L'origine géographique de la plupart d'entre nous se lit dans notre génome. Et ce, avec une précision étonnante: à l'échelle du pays, de la région et, même éventuellement, du village. Telle est la conclusion d'un article paru le 31 août sur le site internet de la revue Nature, sous la signature principale de John Novembre, professeur-assistant à l'Université de Californie. Un travail auquel ont étroitement collaboré trois jeunes chercheurs de l'Université de Lausanne et du Centre hospitalier universitaire vaudois (CHUV), Toby Johnson, Zoltan Kutalik et Sven Bergmann.

Tout est parti de recherches sur un autre thème: les liens existant entre patrimoine génétique et risques de maladies cardiovasculaires. Le sujet est aussi important que difficile à cerner. Il ne suffit pas en effet de constater des coïncidences entre la présence d'un certain matériel génétique et certaines affections. Encore faut-il être sûr qu'il existe un rapport entre les deux. «Pour y arriver, explique Toby Johnson, il est nécessaire d'identifier au préalable toutes les différences génétiques non pertinentes, telles les différences minimes résultant des origines géographiques variées des individus. Une fois écartées ces dernières, le tableau devient plus clair et plus facile à interpréter.»

Ce qui a commencé comme un simple travail de «déblaiement» n'a pas tardé, cependant, à apporter des résultats intéressants.

Pour mener à bien leur tâche, les chercheurs ont eu besoin de grosses quantités d'échantillons d'ADN prélevées sur des Européens d'un maximum de nationalités. Ils en ont trouvé plusieurs milliers dans des banques de données situées à Lausanne et à Londres. Puis ils ont sélectionné 1387 individus, dont les quatre grands-parents - ou, pour les origines les moins bien représentées, les deux parents au moins - provenaient de la même région.

Les échantillons ainsi choisis ont été ensuite étudiés à l'aide d'une puce de conception nouvelle, capable de déceler un demi-million de différences d'un génome à l'autre. Des différences minimes qui ne figurent pas la plupart du temps dans les gènes mais dans des éléments annexes de l'ADN, considérés jusqu'à récemment comme insignifiants. Erreur aujourd'hui admise. Les pièces les plus modestes ont également leur intérêt. «Quand le matériel génétique est fonctionnel, il ne présente que peu de différences d'une personne à l'autre, remarque Toby Johnson. Lorsqu'il ne sert à rien, il a tout loisir au contraire de varier. Pour notre recherche, cette caractéristique s'est avérée essentielle. Elle nous a permis d'établir des distinctions jamais encore réalisées.»

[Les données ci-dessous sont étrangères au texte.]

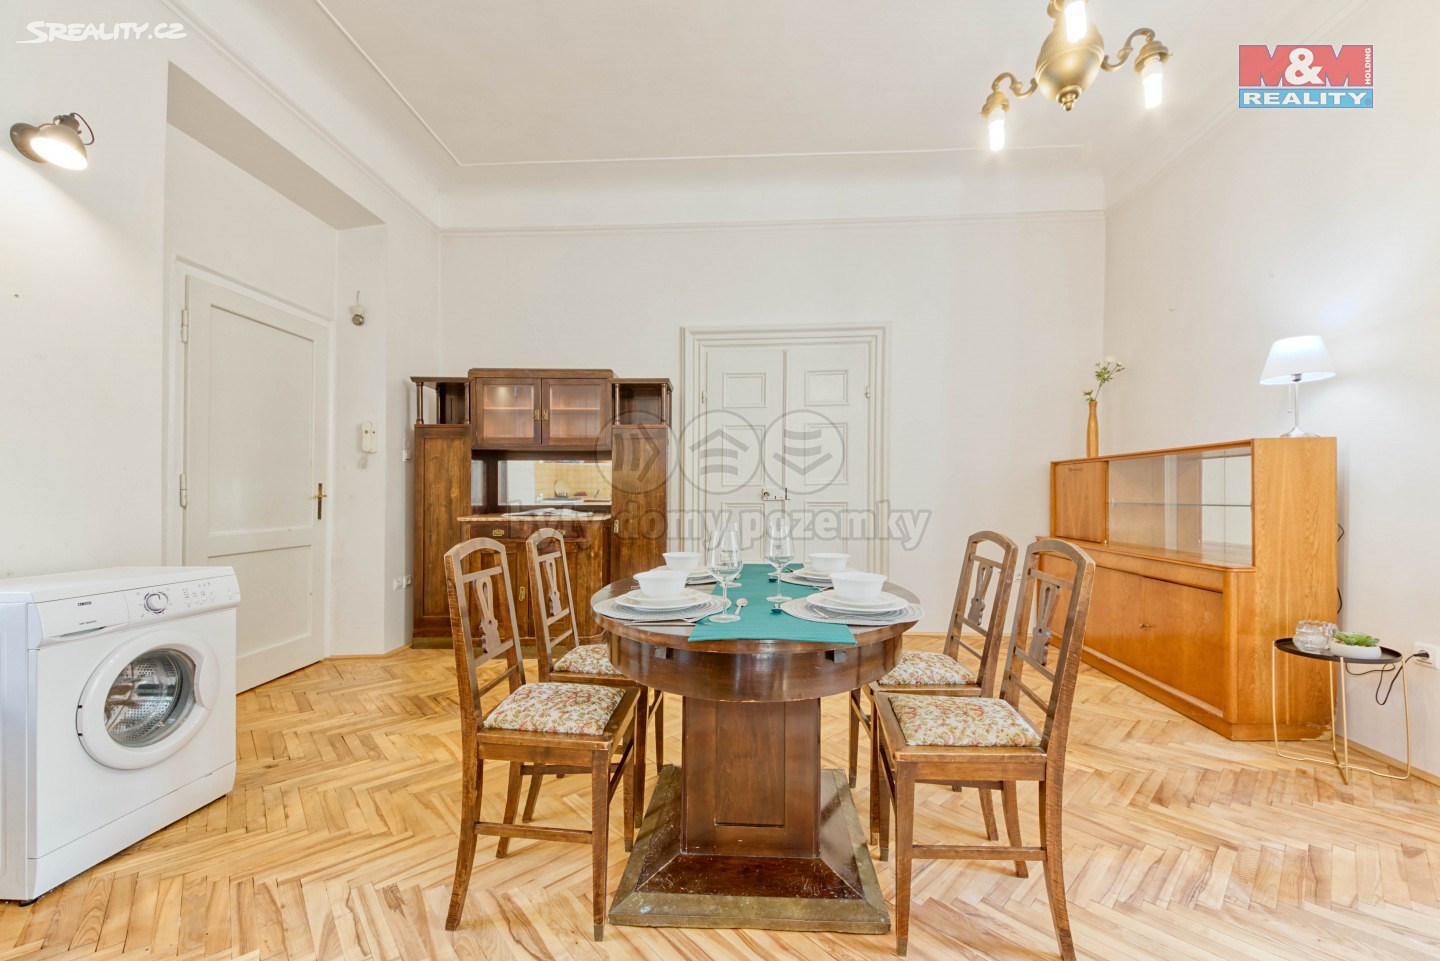 Prodej bytu 2+kk 54 m², Sněmovní, Praha 1 - Malá Strana

Une fois constatées ces innombrables différences, il restait à savoir si elles possédaient une cohérence géographique. Un ordinateur a été chargé de les analyser et de déterminer deux variabilités principales. Puis ces deux variabilités ont été utilisées pour composer un graphique, l'une représentant son axe vertical, l'autre son axe horizontal. Ensuite, les 1387 cas étudiés ont été placés sur le tableau en fonction de leur position sur ces deux échelles. Enfin, le graphique a été tourné de telle manière que les ressortissants du sud de l'Europe apparaissent majoritairement en bas et ceux du nord en haut, ceux de l'ouest à gauche et ceux de l'est à droite. Et alors...

Et alors, une carte de l'Europe s'est dessinée de manière étonnamment cohérente. Les ressortissants de chaque nationalité sont largement regroupés, les Italiens avec les Italiens, les Britanniques avec les Britanniques, les Allemands avec les Allemands. Mieux, les représentants de pays voisins se tiennent à proximité les uns des autres, les Français près des Espagnols, les Anglais près des Ecossais. Plus fort encore, Romands, Alémaniques et Tessinois se partagent le cœur du graphique, tout en étant plutôt bien répartis en fonction de leur appartenance régionale, qui plutôt au sud-ouest, qui plutôt au sud-est, qui plutôt au nord.

Normal, dira-t-on. Chacun sait que chaque population a certaines caractéristiques génétiques communes. Toby Johnson se révèle cependant moins blasé. «Nous nous attendions à tracer une carte cohérente des populations européennes, convient-il, mais pas avec ce niveau de précision.» Il fallait pour cela que les ancêtres des individus étudiés aient vécu jusque dans les années 50 dans un monde largement épargné par les mouvements migratoires. Et il fallait que l'outil employé, les 500000 minuscules différences décelées dans l'ADN, se révèle d'une grande précision. Tel est le cas. Désormais, il sera très souvent possible de situer notre origine géographique à partir d'un tout petit peu d'ADN.